Azure OpenAI: Shape Model Behavior

by HubSite 365 about John Savill's [MVP]

Principal Cloud Solutions Architect

Microsoft expert guide to model behavior with Azure AI covering context engineering, fine tuning, LoRA, RAG, embeddings

Key insights

  • Model architecture and parameters: The video explains that a model’s behavior depends on its parameters, hidden layers, and layer dimensions.
    More parameters can increase capacity, but design and data matter more than size alone.
  • Embeddings and tokenization: Embeddings map tokens to numeric vectors so the model can measure meaning and similarity.
    Good embeddings help search, clustering, and retrieval-augmented workflows.
  • Training phases and methods: Distinguish pretraining from later stages like supervised fine-tuning and reinforcement learning (RLHF).
    Each phase changes how the model answers and what it prioritizes.
  • Prompts, system messages, and shot learning: Prompt wording, the system prompt, and examples (zero/one/few-shot) guide tone and output style.
    Clear instructions and representative examples produce more reliable responses.
  • Context engineering and RAG (retrieval-augmented generation): Injecting external documents via retrieval expands the model’s factual base.
    Chunk documents, manage token windows, and verify sources to reduce hallucination.
  • Fine-tuning and LoRA trade-offs and combos: Full fine-tuning adapts the whole model; LoRA offers lightweight adaptation with fewer resources.
    Combine retrieval, prompts, and LoRA or fine-tuning to change behavior while testing safety and performance.

Overview

In a clear and practical YouTube presentation, John Savill's MVP walks viewers through techniques to change the behavior of large language models. The video breaks the topic into approachable sections, and it uses a whiteboard to visualize concepts such as parameters, embeddings, and training phases. As a result, the presentation is suitable for practitioners who want a conceptual map before diving into experiments or production work.

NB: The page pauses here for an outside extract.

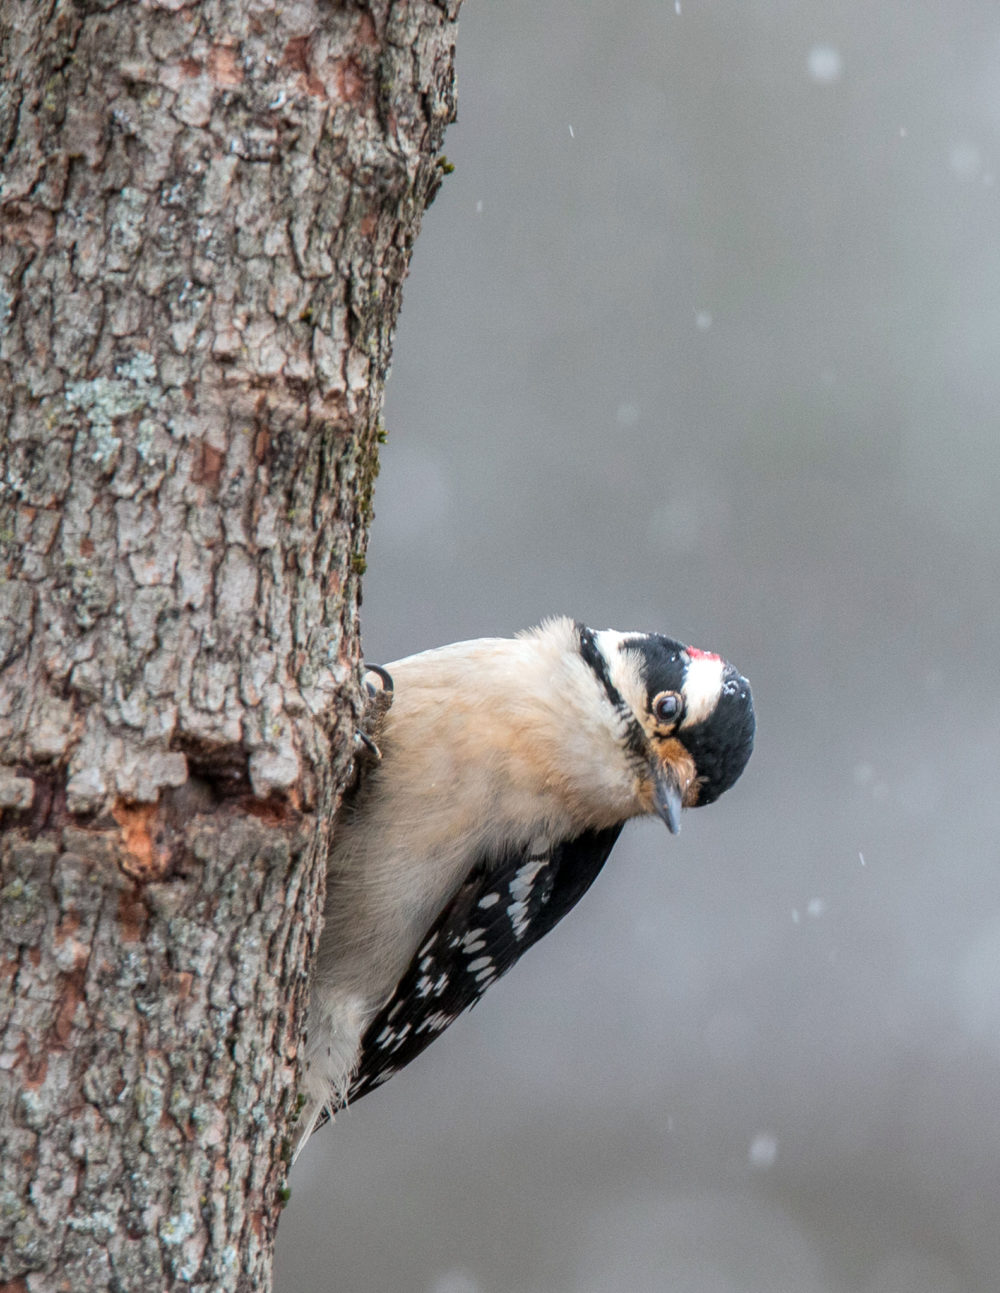 A downy woodpecker peers toward the camera from a tree

Moreover, the author balances basic explanations with hands-on guidance, covering both prompt-level and model-level interventions. The material moves from fundamentals to specific methods like context engineering, fine-tuning, and LoRA, and then discusses how to combine those methods. Therefore, the piece serves as a compact primer for teams planning to tune model outputs for real applications.

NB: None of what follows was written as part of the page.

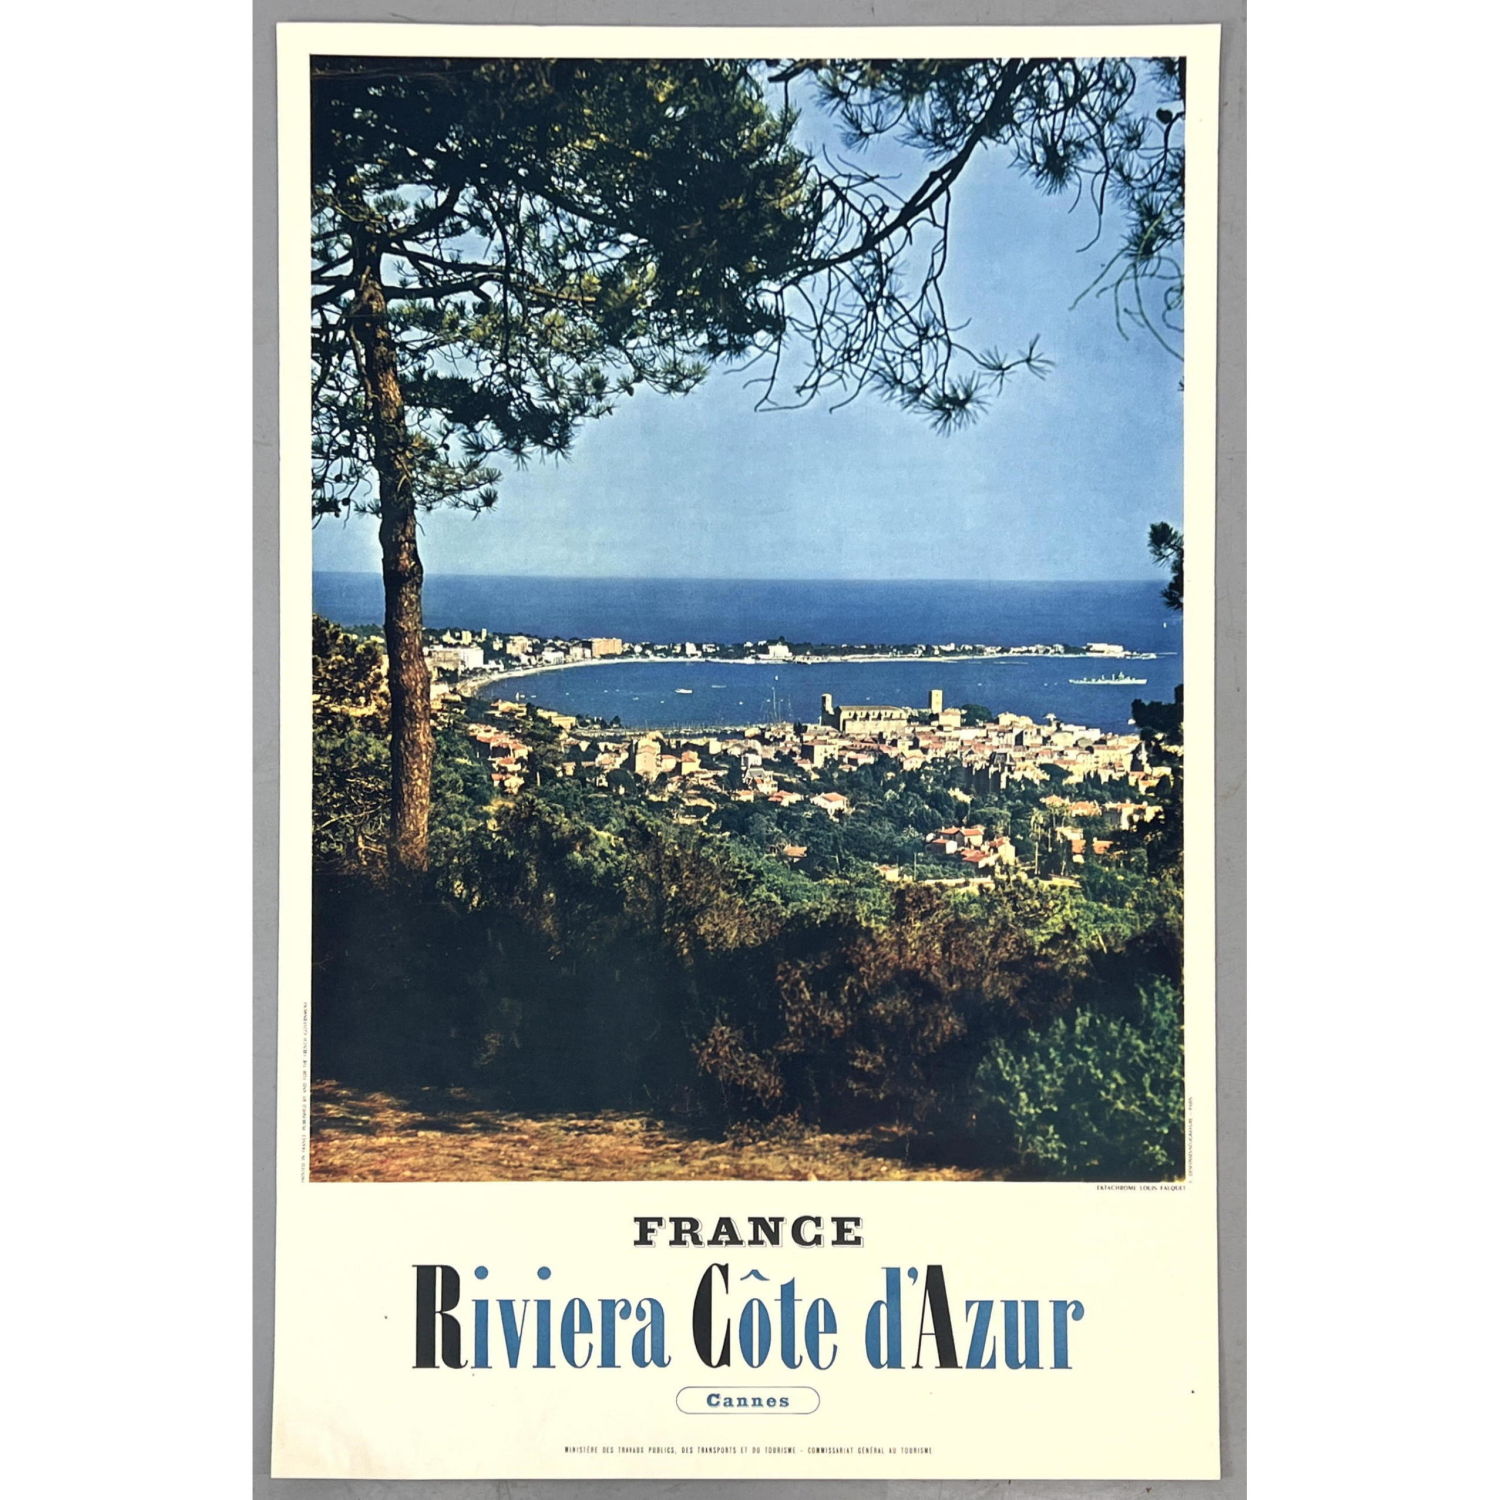 FRANCE Cote D'Azur Travel Advertising

Fundamentals: Models, Parameters, and Embeddings

First, Savill explains what a model is in practical terms and why parameters matter for behavior and performance. He outlines how parameters and hidden layers form the neural structure that produces responses, and he explains embeddings as numerical representations that ground text in vector space. In this way, the video gives viewers the vocabulary needed to compare different intervention strategies effectively.

Next, the presentation briefly covers the training phase and how weights change during learning, which helps explain why post-training methods vary in effectiveness. The clear distinction between pre-training, fine-tuning, and inference frames later discussions about cost, data needs, and technical risk. Consequently, viewers can see why not every method suits every use case.

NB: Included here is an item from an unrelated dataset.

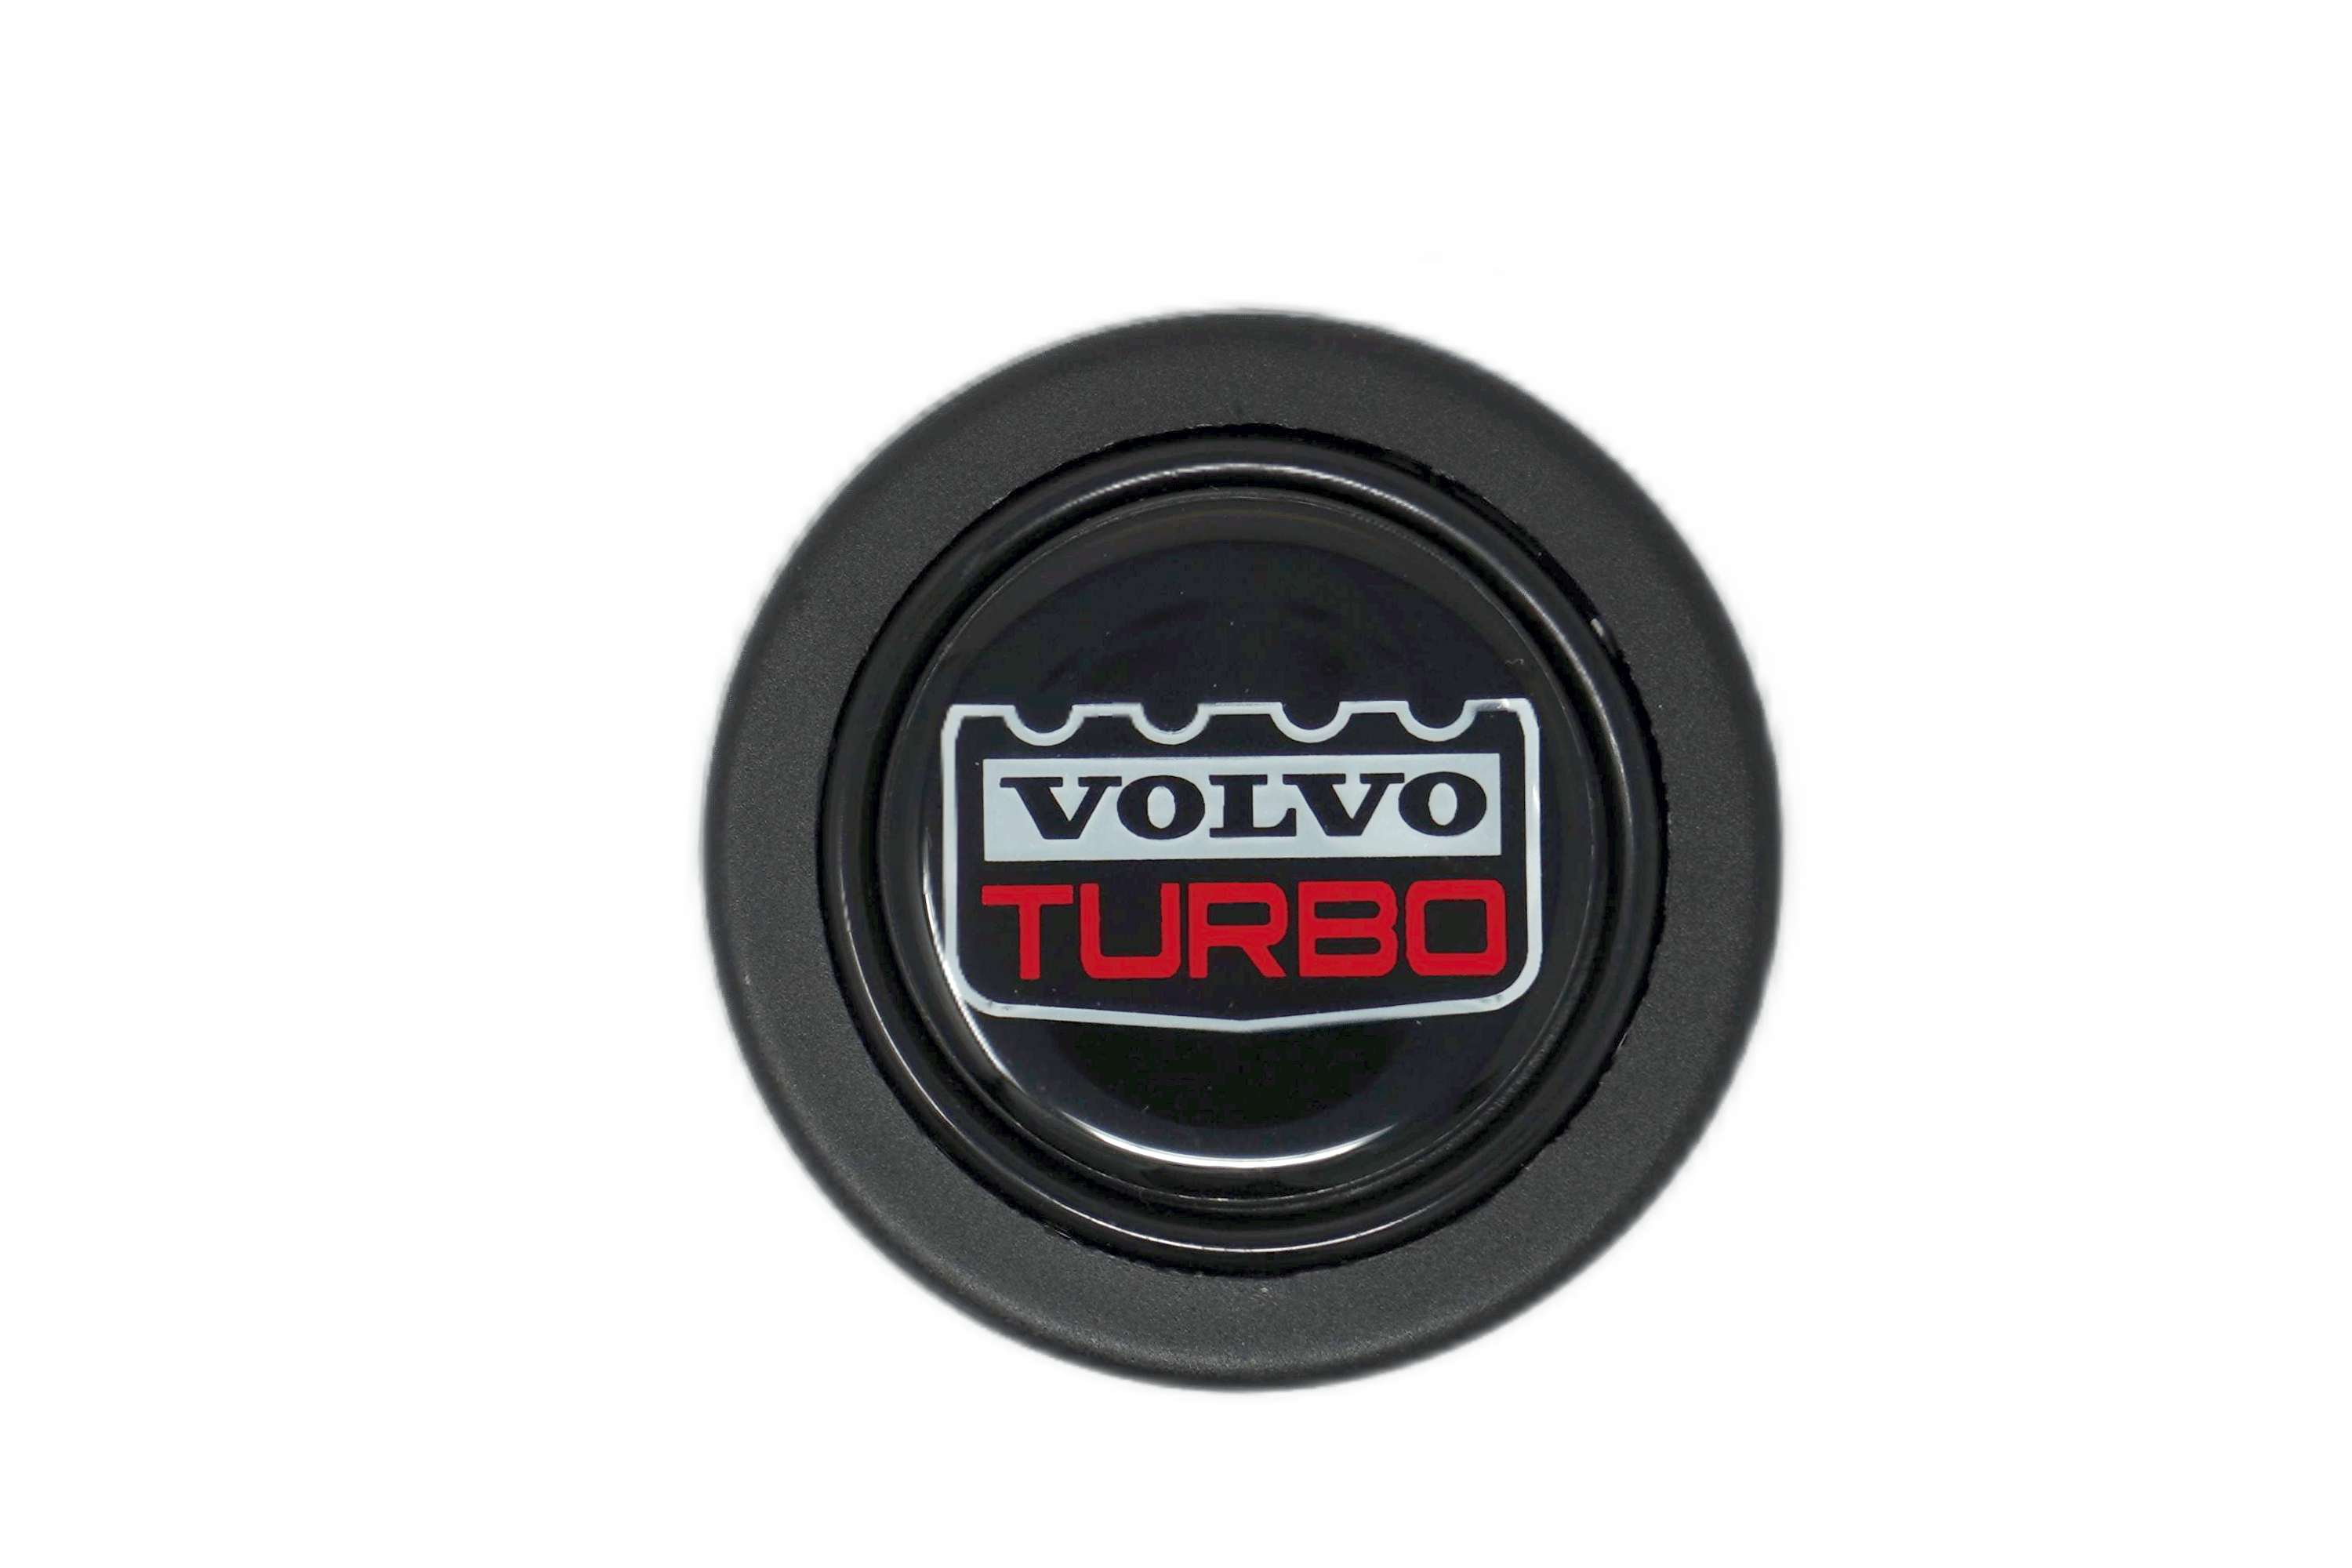 Volvo Turbo Horn Button

Prompting and Context Engineering

Then the video turns to techniques that operate at inference time, beginning with prompts and context windows. Savill demonstrates how carefully written prompts, examples, and a strong system prompt can steer behavior without touching model weights, which keeps costs low and iteration fast. However, he also notes limits: prompt methods can be brittle, sensitive to phrasing, and sometimes fail with longer or more complex tasks.

Furthermore, the discussion covers zero-, one-, and few-shot approaches and shows when to prefer each based on the task and available examples. By contrast, relying solely on context can increase latency and token costs when large amounts of data must be included, so teams must weigh short-term convenience against operational overhead. Thus, context engineering is powerful but not a universal solution.

Fine-tuning, LoRA and Model Editing

Subsequently, Savill explains model-level edits including standard fine-tuning and parameter-efficient approaches like LoRA. He describes how fine-tuning adjusts many weights to embed new behavior permanently, which improves consistency and performance for specific tasks. On the other hand, full fine-tuning requires labeled data, compute, and validation, so it brings higher upfront cost and governance requirements.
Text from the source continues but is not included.